▸ **WHAT NEEDS TO BE DONE**
In the records that follow, find the line containing "Null Mahogany veneer boat desk." and the line containing "2 large drawers.", then transcribe both and every line between them exactly, omitting pictures.

--- EXTRACTED ENTRIES Enclosed Below ---

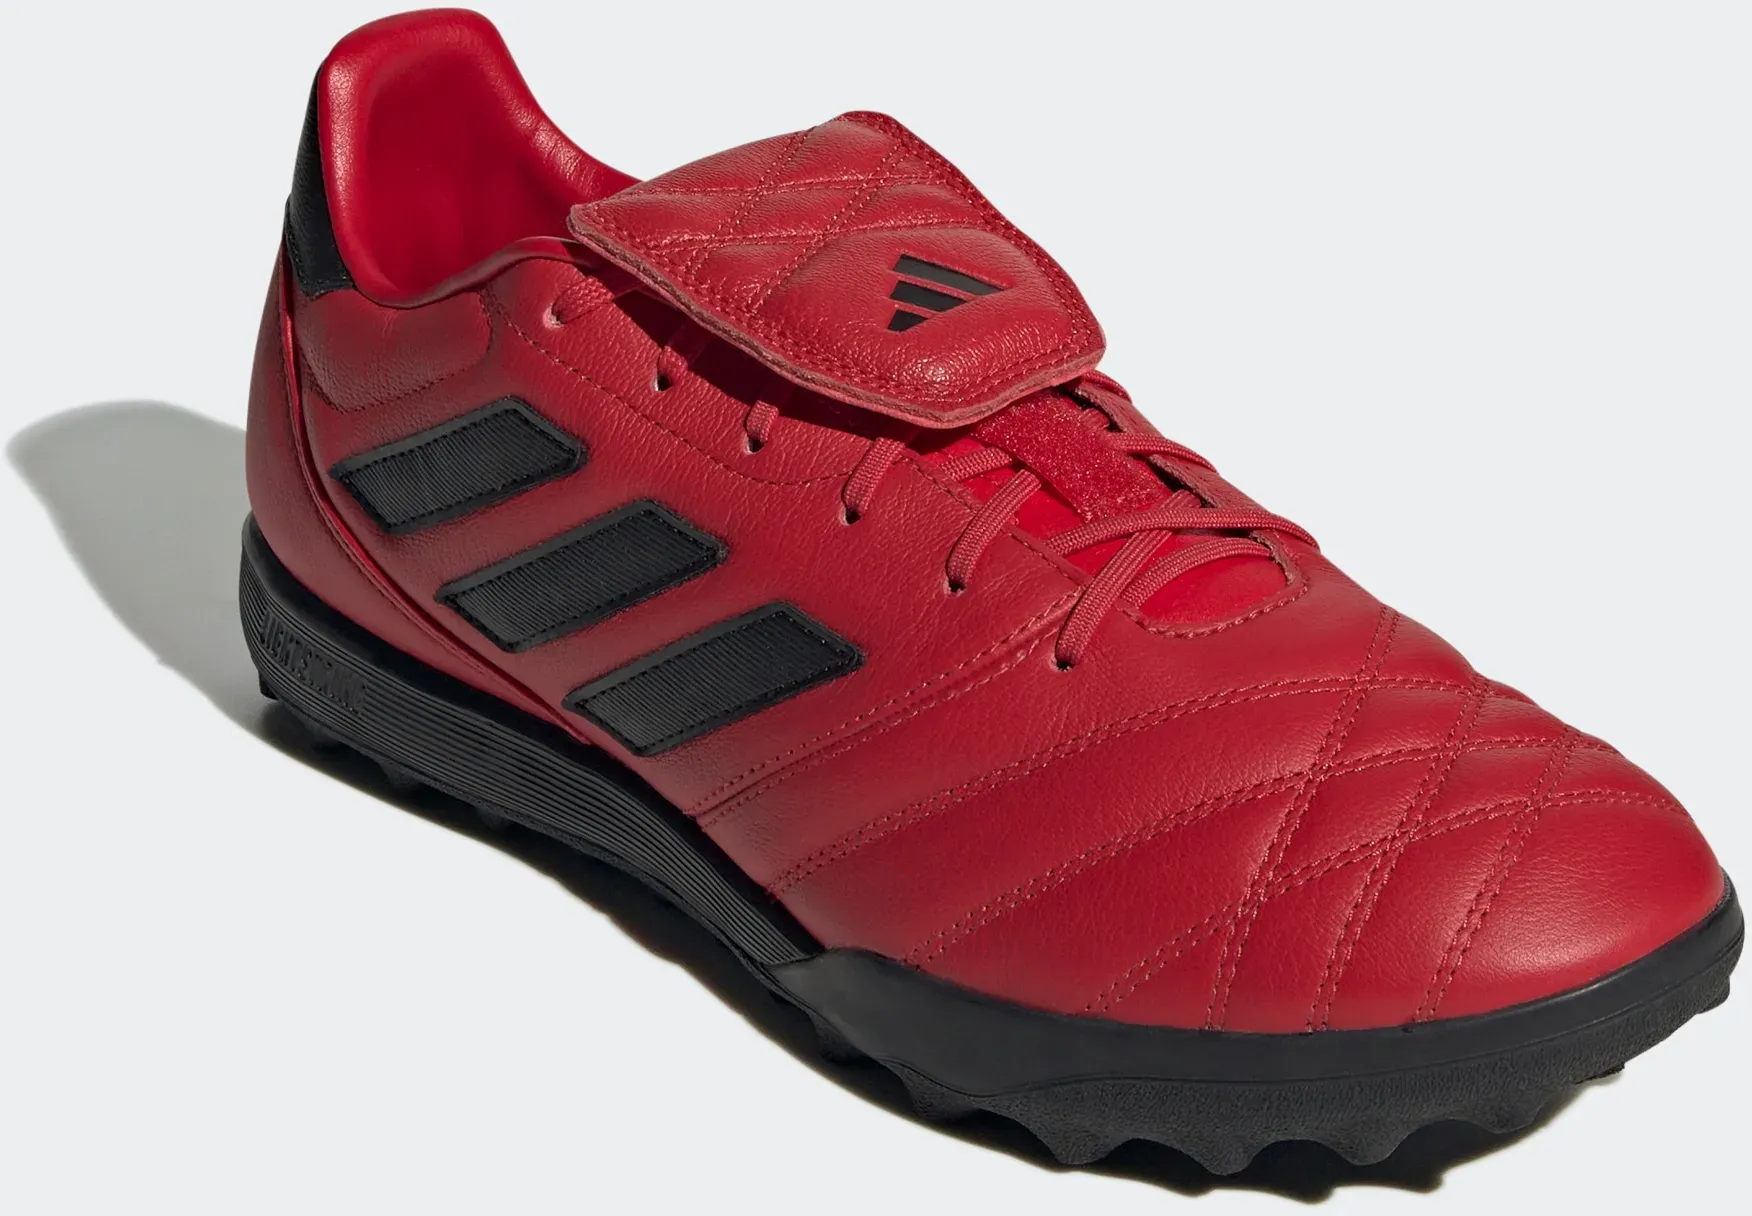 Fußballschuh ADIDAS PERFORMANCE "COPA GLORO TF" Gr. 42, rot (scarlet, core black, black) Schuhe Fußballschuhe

--- End of Enclosed EXTRACTED ENTRIES ---
--- EXTRACTED ENTRIES Enclosed Below ---

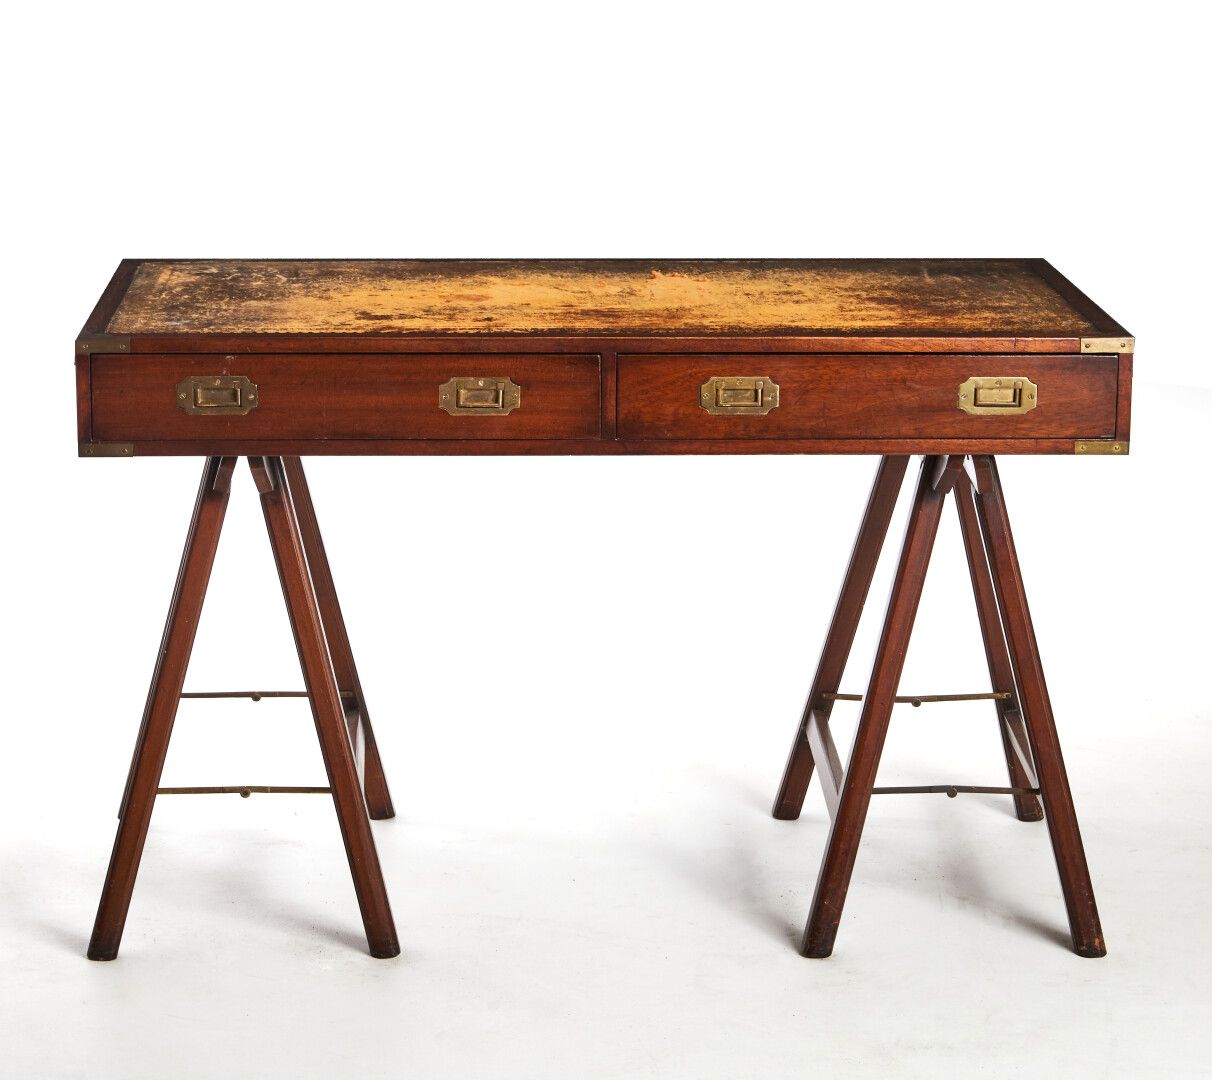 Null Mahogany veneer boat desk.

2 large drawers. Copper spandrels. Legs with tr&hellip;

--- End of Enclosed EXTRACTED ENTRIES ---

▸ **OUTPUT OF THE TASK**
 Null Mahogany veneer boat desk.

2 large drawers. Copper spandrels. Legs with tr&hellip;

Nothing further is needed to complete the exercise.